El ataúd exterior dentro del sarcófago

   Este ataúd mayor mides 2 metros 24 centímetros de largo; es de madera de roble tallada y está recubierto con una delgada chapa de oro, siendo el rostro y las manos del mismo metal pero más macizo, y batido .

    La inscripción que lleva la parte anterior contiene  el último llamamiento del joven monarca a la diosa de los cielos: "¡Oh Madre Nut! Extiende tus alas sobre mi como las Estrellas Imperecederas".

   La cabeza y los hombros del ataúd exterior

   Las manos, cruzadas sobre el pecho, sostienen los emblemas reales: el cetro en forma de báculo y el Flagellum, incrustados con cerámica de un  azul oscuro. Sobre la frente se ven dos símbolos: el Buitre y la serpiente Cobra, insignias del Alto y del Bajo Egipto, incrustadas con taracea brillante. Alrededor de estos símbolos se halla una diminuta corona de flores. Suponemos que representa la postrera ofrenda de la reina adolescente al monarca difunto, su esposo, soberano de los dos Reinos de Egipto.
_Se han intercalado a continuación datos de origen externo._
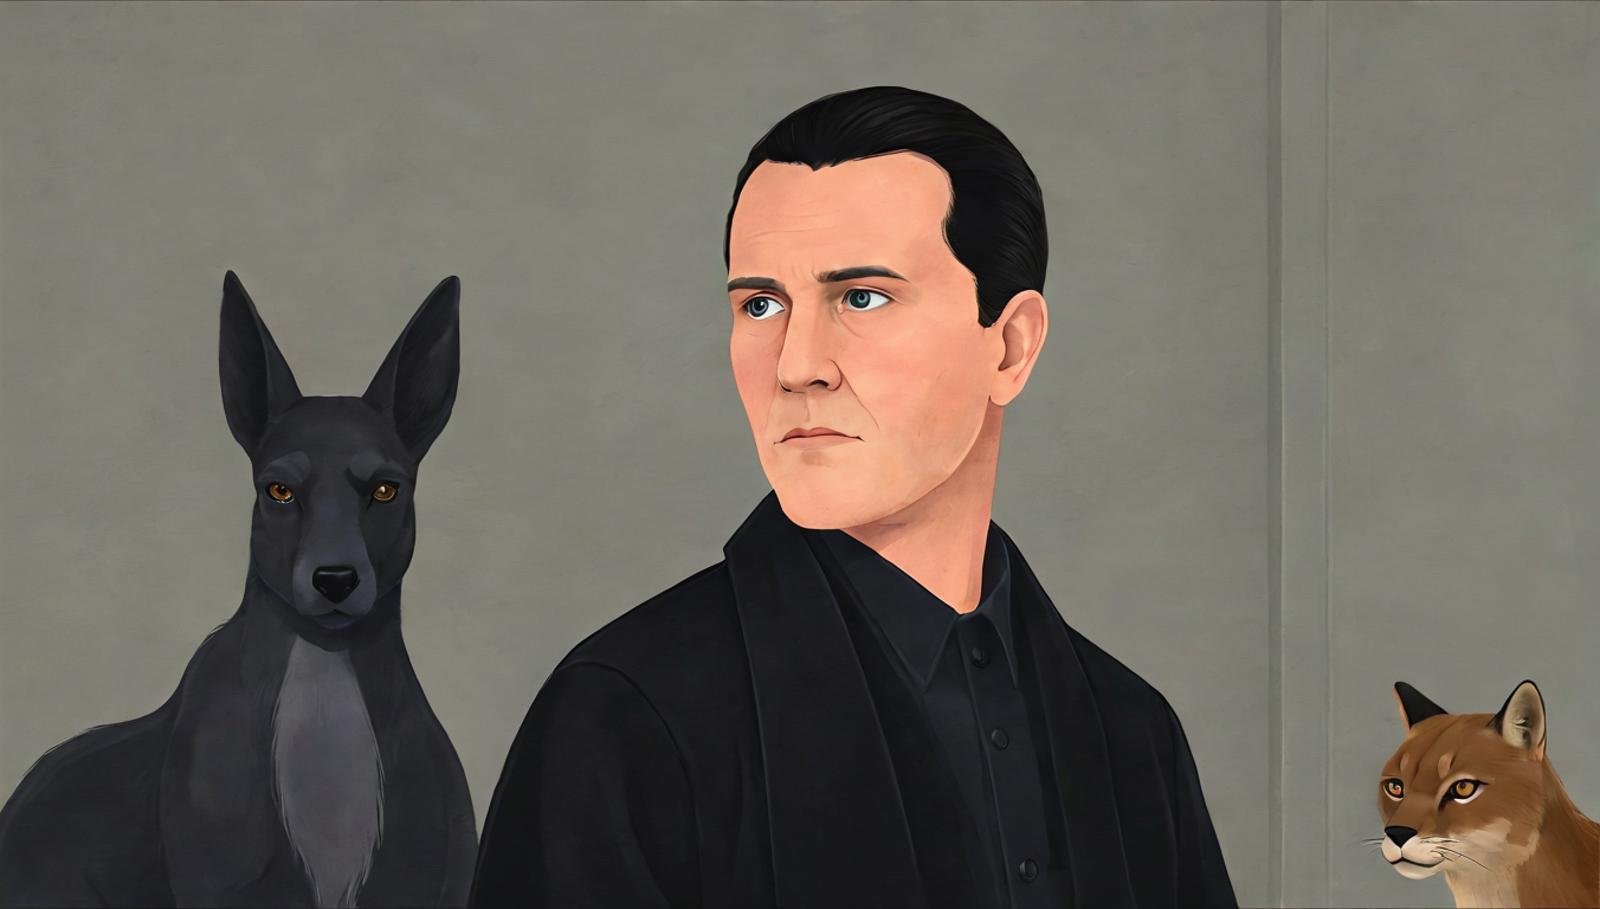 minimalistic modern illustration closeup of Dmitri with a stern expression and slicked-back black hair, wearing a black overcoat, surrounded by ominous shadows and taxidermy animals, with a dark, moody background<lora:EMS-401350-EMS:1.000000>

    Levantada la tapa de este gran ataúd exterior, se ofreció a nuestra vista un segundo ataúd, no menos magnífico, asimismo de forma humana cubierto con una envoltura de liezo.

Una corona y guirnaldas de flores sobre la envoltura de lienzo que cubría el segundo ataúd.

   Sobre esta envoltura veíanse guirnaldas de flores, compuestas de hojas de olivo y de sauce, pétalos de lotus azul y de aciano, mientras que una pequeña corona de parecida composición habíase colocado en el lienzo sobre los símbolos de la frente. Conservadas cuidadosamente las guirnaldas y la corona, desenrollamos la envoltura.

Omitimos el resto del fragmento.